Hence, it can be described as a fear of the fear.
There exists then a closed circle: the mind creates an image, a conditioned reaction is linked to the apparition of this image, and the reaction itself produces a reaction.
The search for an intellectual solution to fear is pointless. The mind can only ascertain its own incapacity to resolve what it has itself created. The creator can not be dissociated from its creation.
This ascertainment induces a 'stop'. Escape is no longer perceived as a true remedy. No single solution seems possible. The consequence is an immobilization.
In this state of no movement, a new energy appears. The end of the search for a solution to fear frees an unsuspected force, masked by the agitation of the quest.
It is then understood that fear does not have a remedy because it has no defined existence. It is only known by the reactions it produces.
These reactions can be explored. This investigation will produce valuable information on the mind's function and body-mind relations.
There is but an encounter with the reaction itself once the object that initiated the reaction is transported to the second stage.
This reaction appears as physical tensions and contractions. They can be recent and fluctuating, or old and encysted.
Looking for an explanation does not bring their resolution.
Observation will lead to maturation.
The reactions are neither qualified, nor are they given a name or explained, but simply observed. Through a neutral observation, the contraction finds a space and is no longer reinforced by a refusal reaction.
The contraction therefore inhabits a widened space.
Like sugar dissolving in water, the contracted zone dissolves into the surrounding space. The knotted matter is absorbed up by a less dense substance. The surrounding substance, density intensified, in its turn will be reabsorbed into a larger space, until the interior and exterior notions dissolve. The limit between opacity and transparency disappears.
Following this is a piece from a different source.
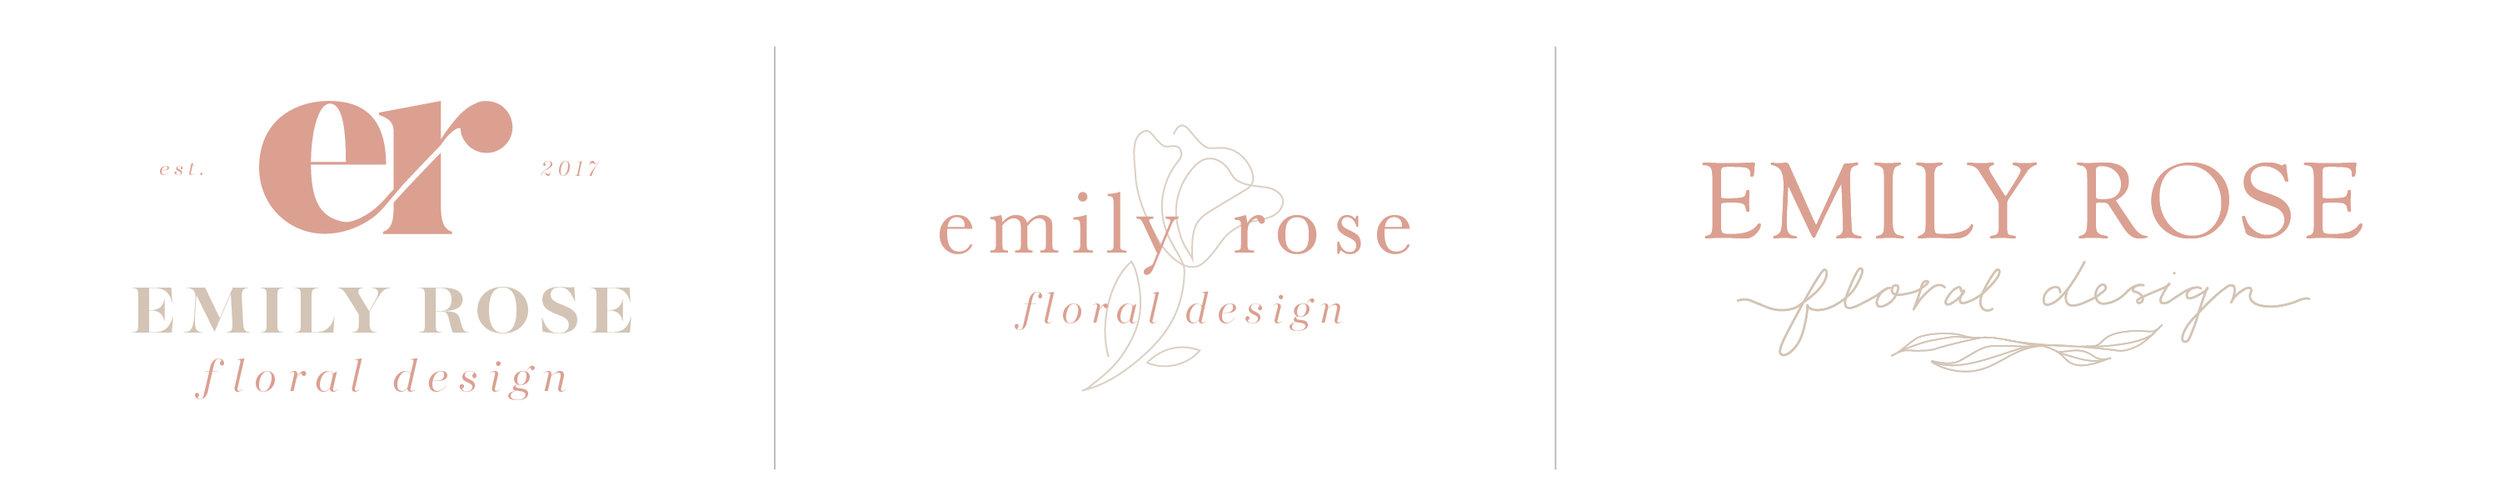 EmilyRose_FirstLook_all3-06.jpg

What then is the role of the subject in this process?
All fear refers to a 'me' who is scared. Fear of solitude, suffering, and death can not be dissociated from a subject who feels lonely, suffers and dies.
Once we embark on a search exploring he or she who is scared, we find but a self-image, a mental construct elaborated by the thought and memory, set of stereotyped conditionings. The disappearance of the constructed I-image is the fundamental anguish. All fear refers to the disappearance of the subject who is scared. To exist without a landmark, an identity, qualification, role, and function is like death, annihilation. Yet, is it in fact?
Once the emphasis is placed on the absence, the look is turned to that which is not. Such a concentration makes one forget that all absence is recognized as such, due to the consciousness of a presence.
He or she who fears, the I-image conditioned by the memory, the personality, is looked upon as an exterior object. As an object of observation it is known to us as the 'not I'. A distanciation follows between the one who fears and the knower. Here, the witness's backwards bearing towards the ultimate witness is initiated.
The subject, the knower of fear, remains a neutral witness. Neither for, nor against. As a silent observer of the subtle mechanisms of the mind, he is out of the process.
The ultimate witness knows himself, yet can not see itself nor objectify itself. Nevertheless, it is under no circumstances an object. If it appears as object, the question "Who fears?" will obstruct any one's mental elaboration. The absence of an answer is in itself the answer. The answer is found in the silence. This silence is neither object nor subject. It is itself and knows itself. In it the conflict is resolved. In it fear dissolves.
Fear will have therefore played its initiating role granting a return of the object to the subject, and a resorption of the subject in the unnamed silence.